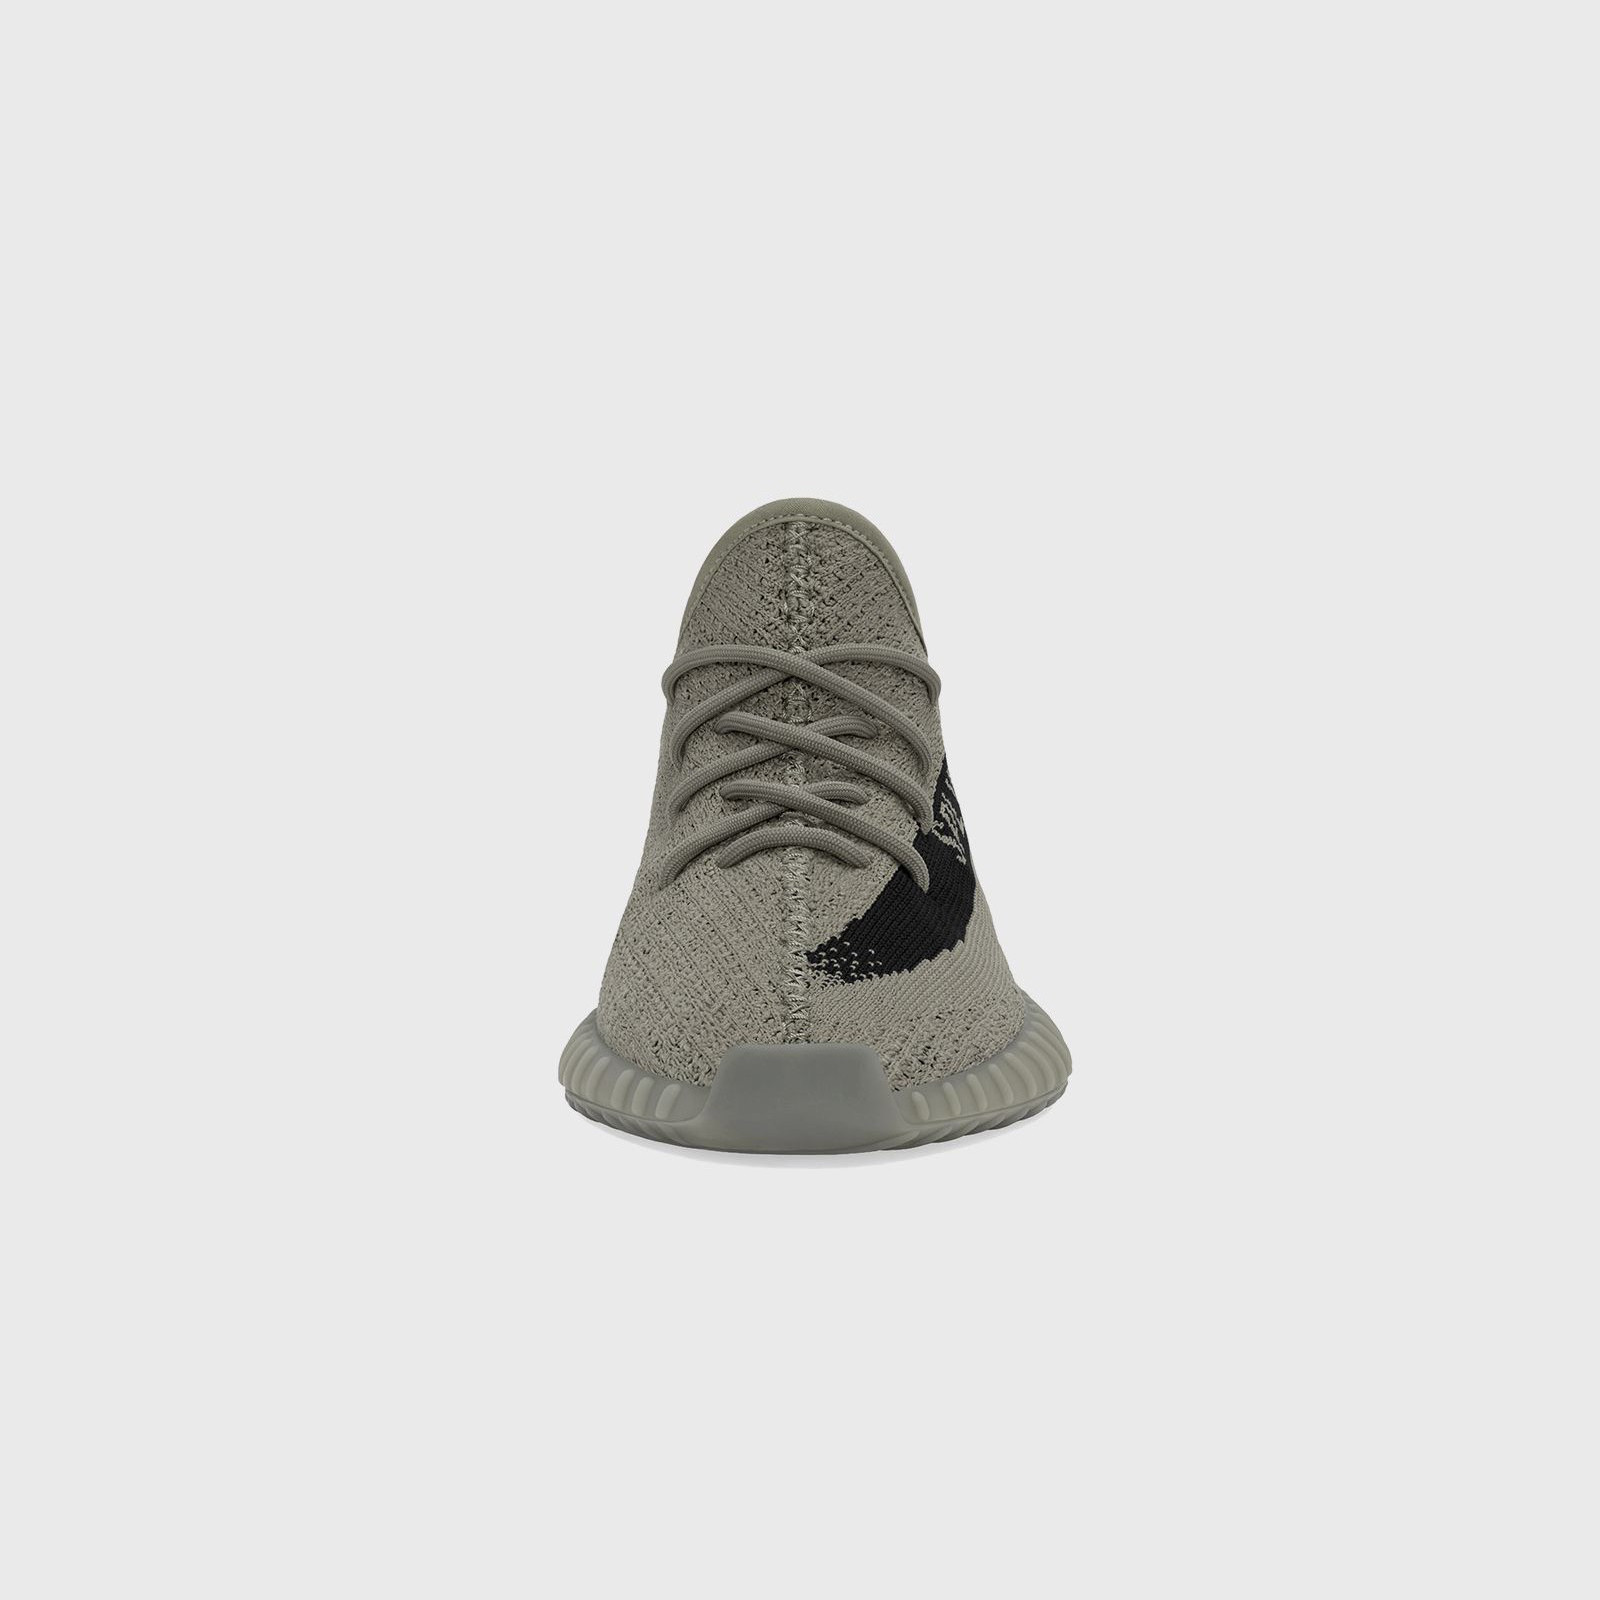 Adidas Yeezy Boost 350 V2
« Granite »
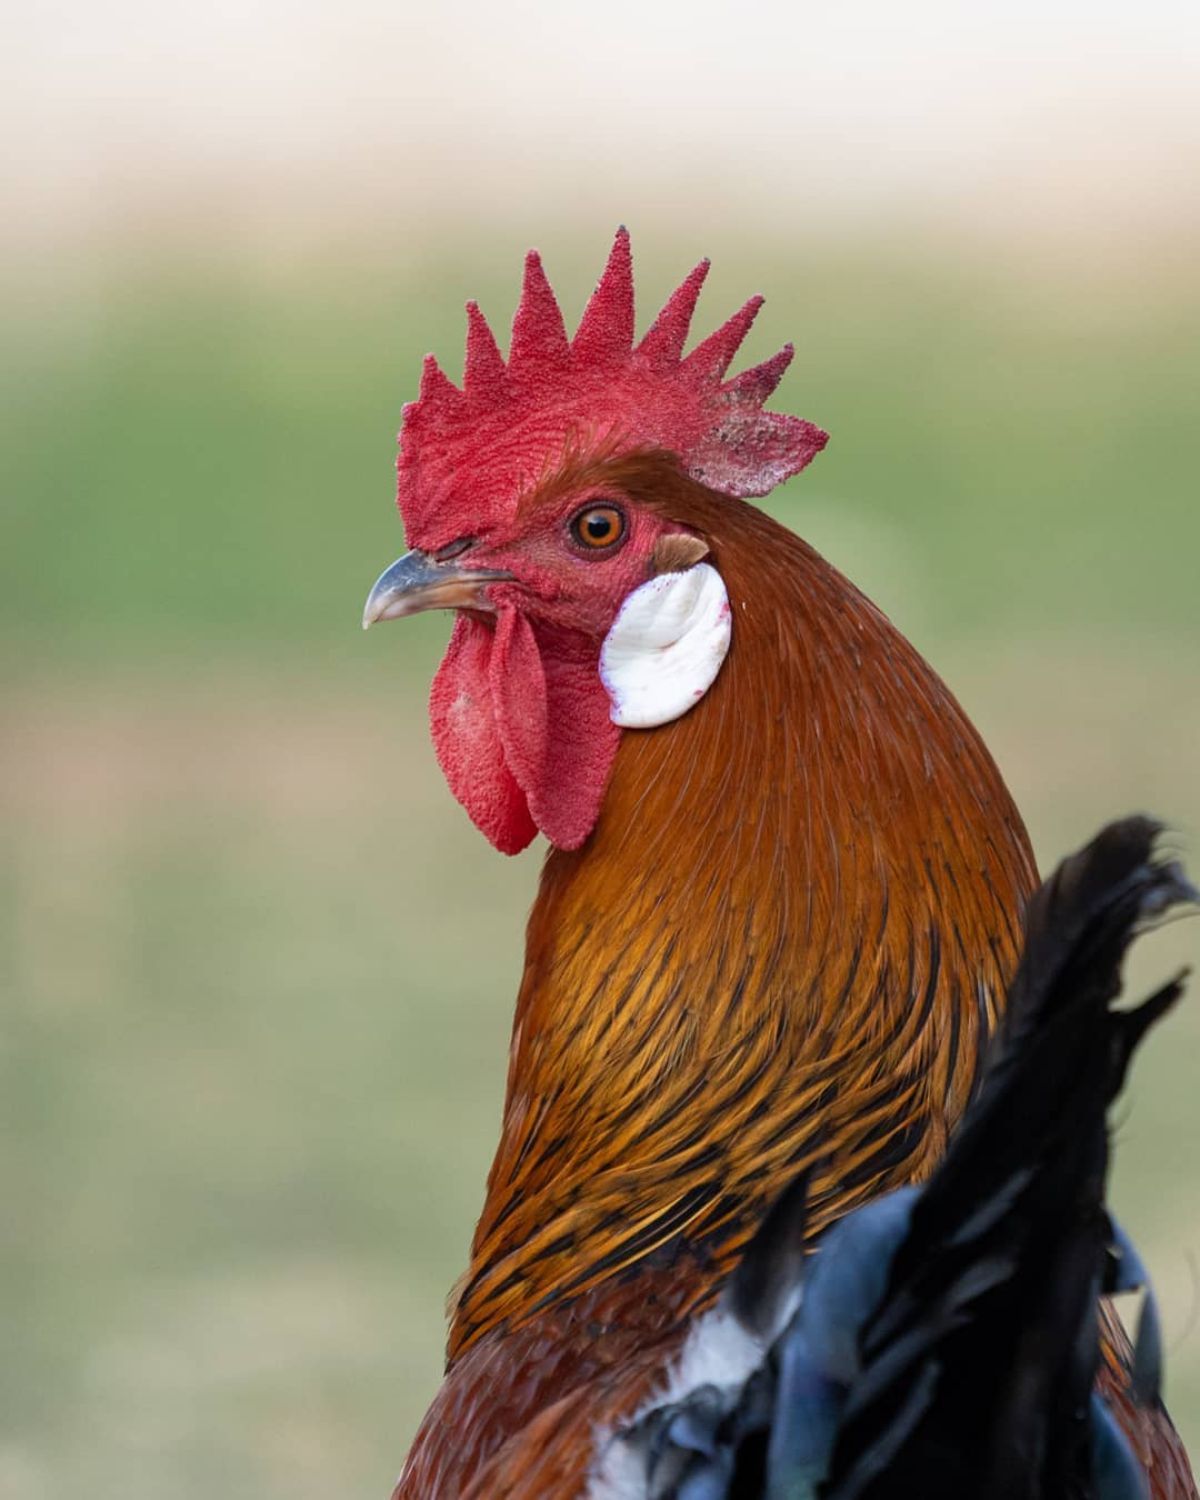 A close-up of a Utrerana rooster.
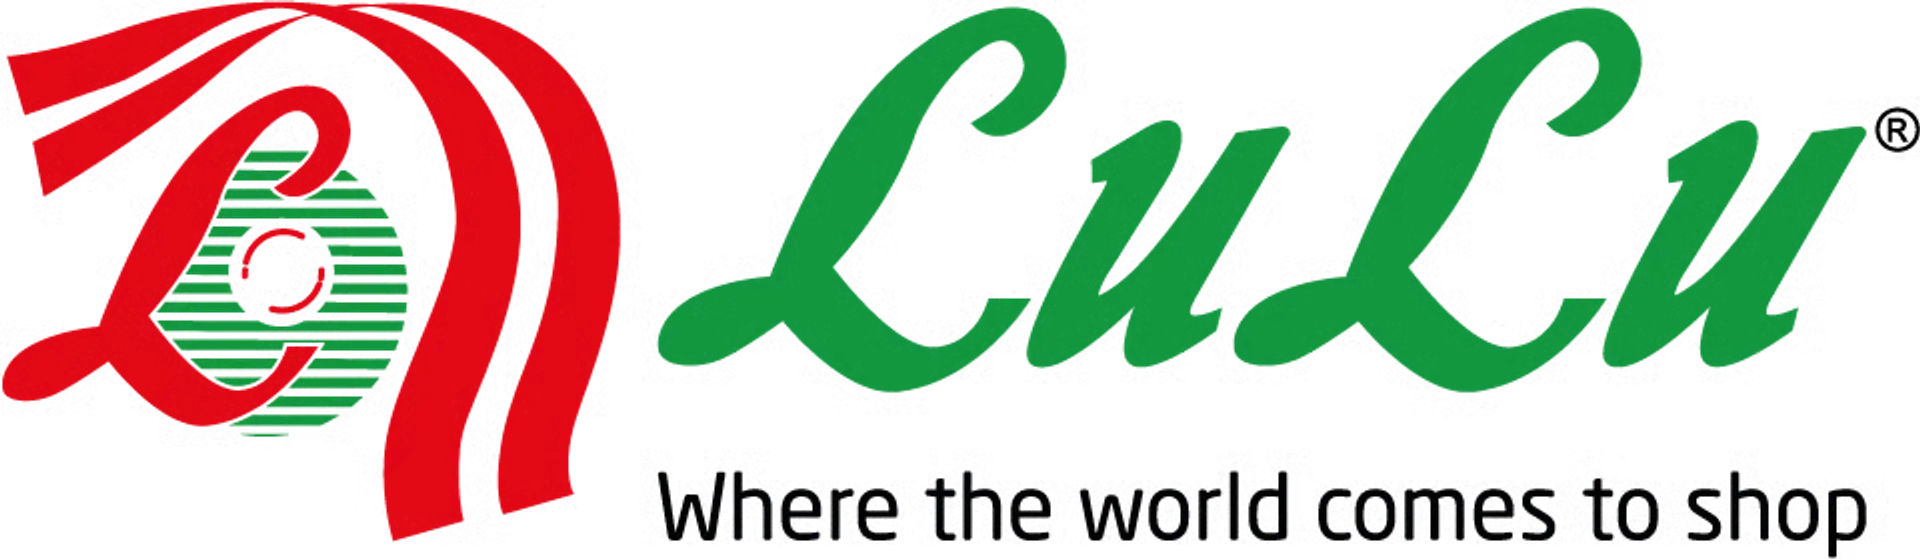 LULU HYPERMARKET logo. Current weekly ad
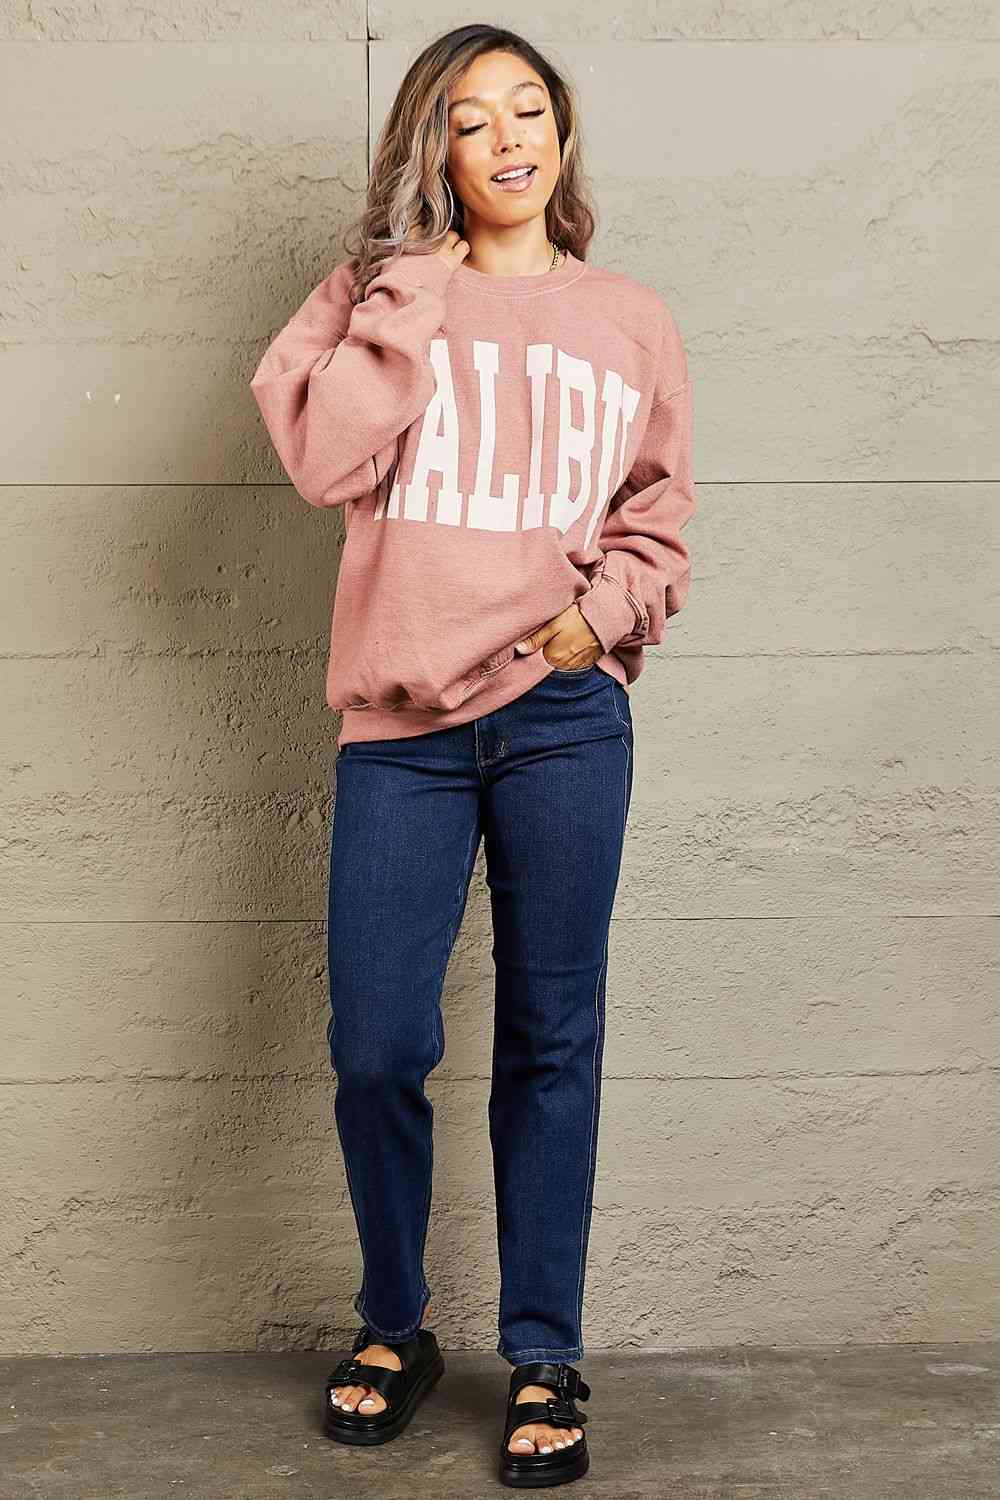 Sweet Claire "Malibu" Oversized Crewneck Sweatshirt
::::::
About this exercise -
For every entry, return its exact wording and leave out any image.

The completed task -
 Adidas Yeezy Boost 350 V2
« Granite »
 A close-up of a Utrerana rooster.
 LULU HYPERMARKET logo. Current weekly ad
 Sweet Claire "Malibu" Oversized Crewneck Sweatshirt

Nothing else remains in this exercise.